Prove $\forall \alpha >2\, (\alpha+\alpha)<\alpha \cdot\alpha <\alpha^\alpha$

Question

Prove $\forall \alpha >2: (\alpha+\alpha)<\alpha \cdot\alpha <\alpha^\alpha$ where $*$ is ordinal multiplication.

Attempt: Proof by induction on $\alpha$, so for the base case let $\alpha=3$ then $\alpha+\alpha=3+3<\alpha\cdot\alpha=9<\alpha^{\alpha}=27$ Hence the case when $\alpha=3$ holds.

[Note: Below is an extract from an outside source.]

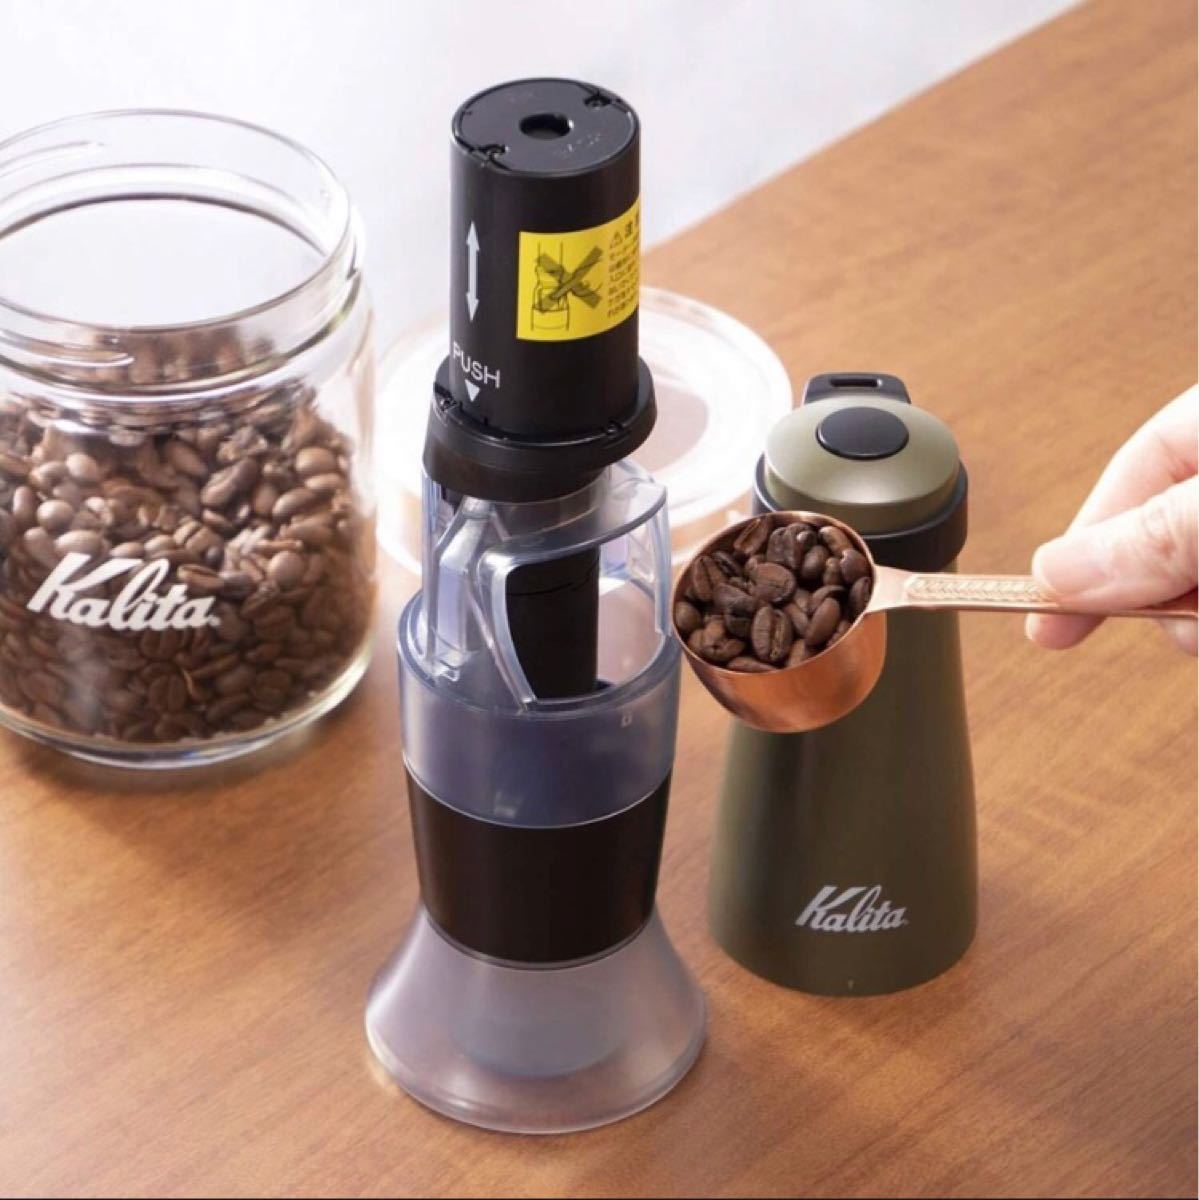 Kalita (カリタ) コーヒーミル 手挽き 電池式 コーヒーグラインダー アーミーグリーン スローG15 #43037

Now let $\alpha$ be a successor, then $\alpha=S(\beta)$ then $\alpha+\alpha=S(\beta)+S(\beta)=S(\beta+\beta)<\alpha\cdot\alpha=S(\beta)*S(\beta)=s(\beta\cdot\beta) <\alpha^{\alpha}=S(\beta)^{S(\beta)}=S(\beta^{\beta})$ so the case when $\alpha$ is a successor holds

Now let $\alpha$ be a limit ordinal, then $\alpha+\alpha=\sup_{\lambda<\alpha}(\lambda+\lambda)<\alpha\cdot\alpha=\sup_{\lambda<\alpha}(\lambda\cdot\lambda)<\alpha^{\alpha}=\sup_{\lambda<\alpha}(\lambda^{\lambda})$

So the case when $\alpha$ is a limit ordinal holds,

Thus $\forall \alpha>2:(\alpha+\alpha)<\alpha\cdot\alpha<\alpha^{\alpha}$

I doubt this is correct as i got stuck with the successor and limit steps, any further help would be gratefully appreciated. I haven't done transfinite induction for a while so that might be why

Answer 1

Note that $\alpha+\alpha=\alpha\cdot2$ and $\alpha\cdot\alpha=\alpha^2$.

To prove the result, show that if we fix $\alpha>2$, then for all $\beta<\gamma$:

1. $\alpha\cdot\beta<\alpha\cdot\gamma$, and
2. $\alpha^\beta<\alpha^\gamma$.

Then apply this to the specific case that $\beta=2$ and $\gamma=\alpha$.